A meta-analysis showed that angiotensin-converting–enzyme inhibitors, but not angiotensin-receptor blockers, lowered risk.
Many patients (as many as one third) who take angiotensin-converting–enzyme (ACE) inhibitors develop coughs. However, an enhanced cough reflex might lower risk for pneumonia. In this meta-analysis of 37 studies (18 randomized trials, 11 cohort studies, and 8 case-control studies), investigators evaluated the association between use of ACE inhibitors or angiotensin-receptor blockers (ARBs) and risk for pneumonia.

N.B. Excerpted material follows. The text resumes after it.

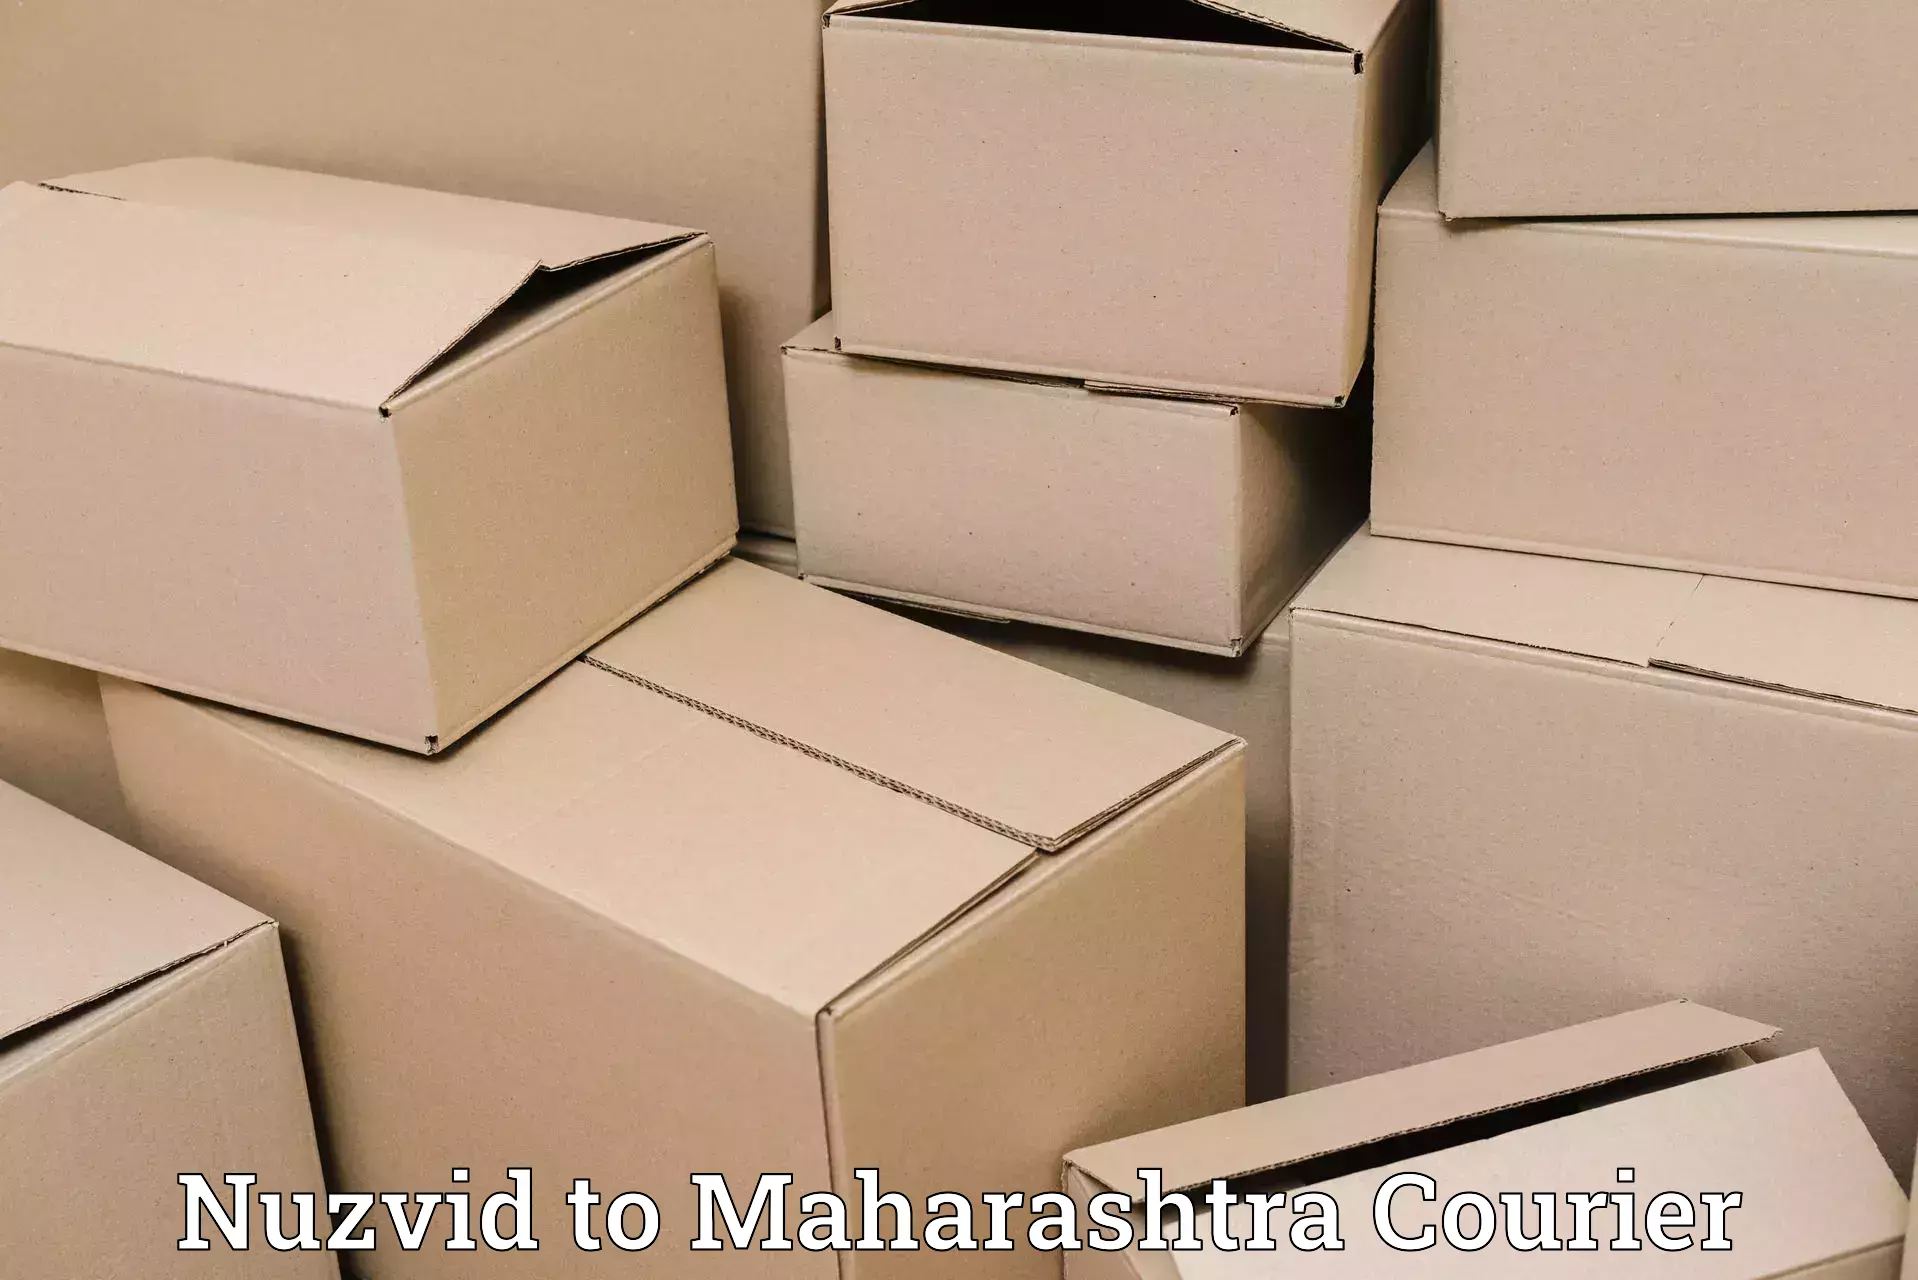 Package delivery network Nuzvid to Mumbai Port
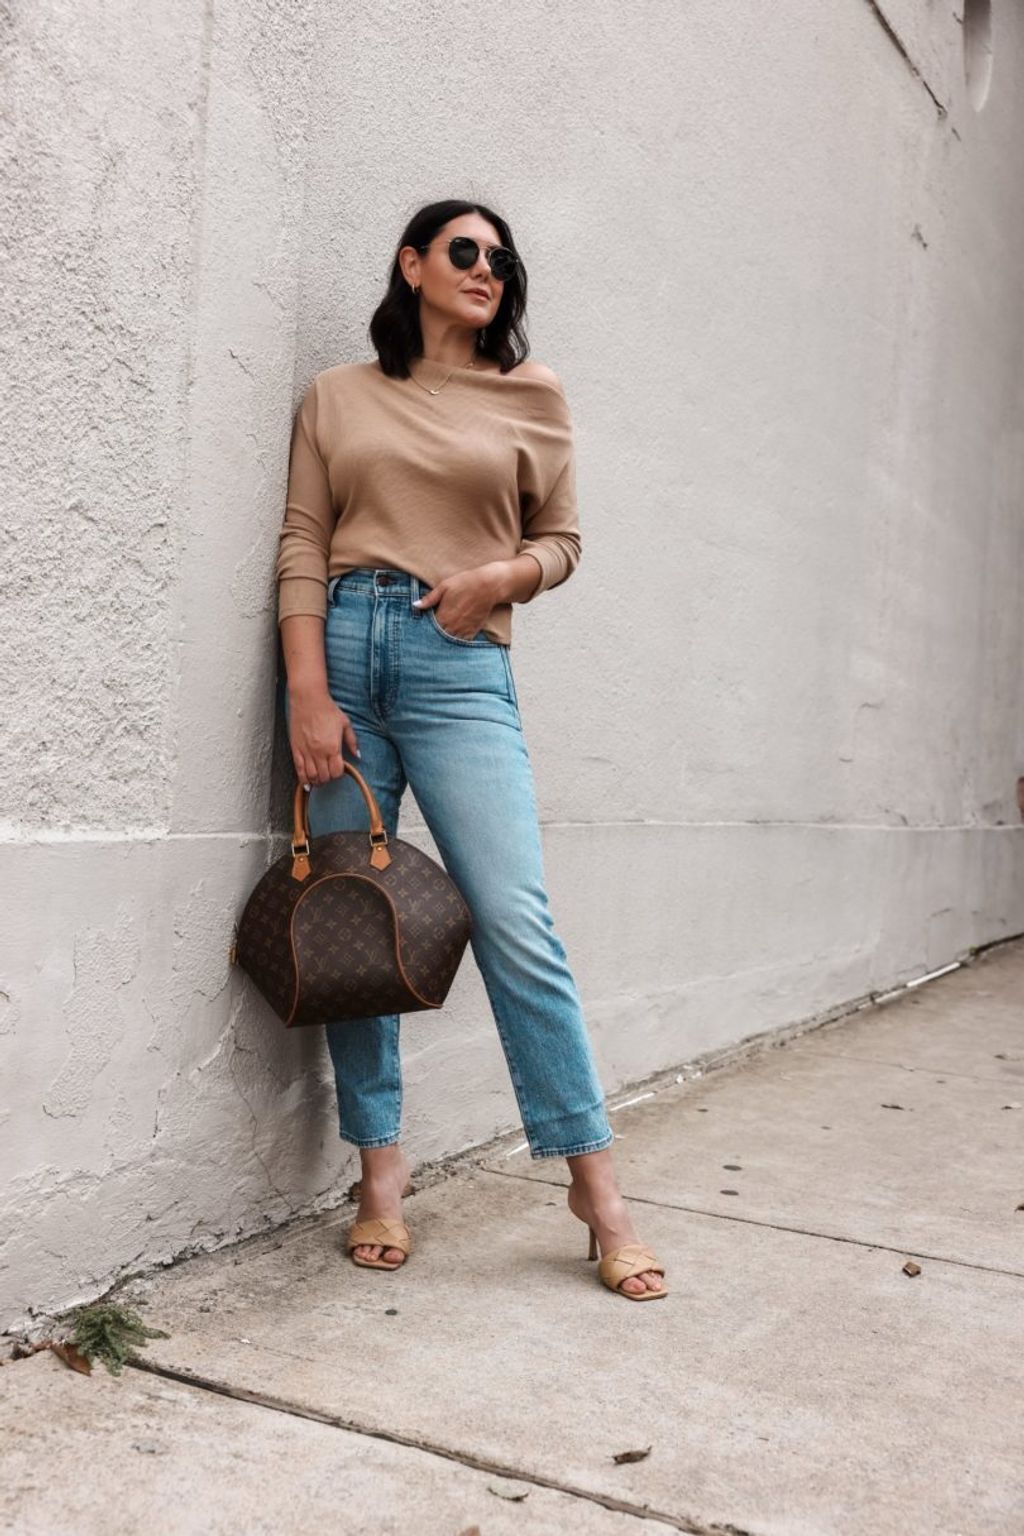 Kendi-Everyday-wearing-FP-Fuji-Off-the-Shoulder-Top-with-Madewell-Perfect-Vintage-jeans-outfit-10-810x1215

Overall, use of ACE inhibitors was associated with a significant 34% lower risk for pneumonia compared with no use of ACE inhibitors and a significant 30% lower risk for pneumonia compared with ARB use. Subgroup analyses of patients with stroke or heart failure yielded similar results. Finally, use of ACE inhibitors compared with no use was associated with a significant 27% lower risk for pneumonia-related death.
Comment: In this study, ACE inhibitor use was associated with attenuation of risks for pneumonia and pneumonia-related death. The authors suggest that "patients taking ACE inhibitors who develop cough should, providing that cough is tolerable, persist with treatment." Although this suggestion is reasonable (especially because ACE inhibitors confer considerable cardiovascular benefit), many patients with ACE inhibitor–related cough find this side effect too annoying or disruptive to continue taking the drug.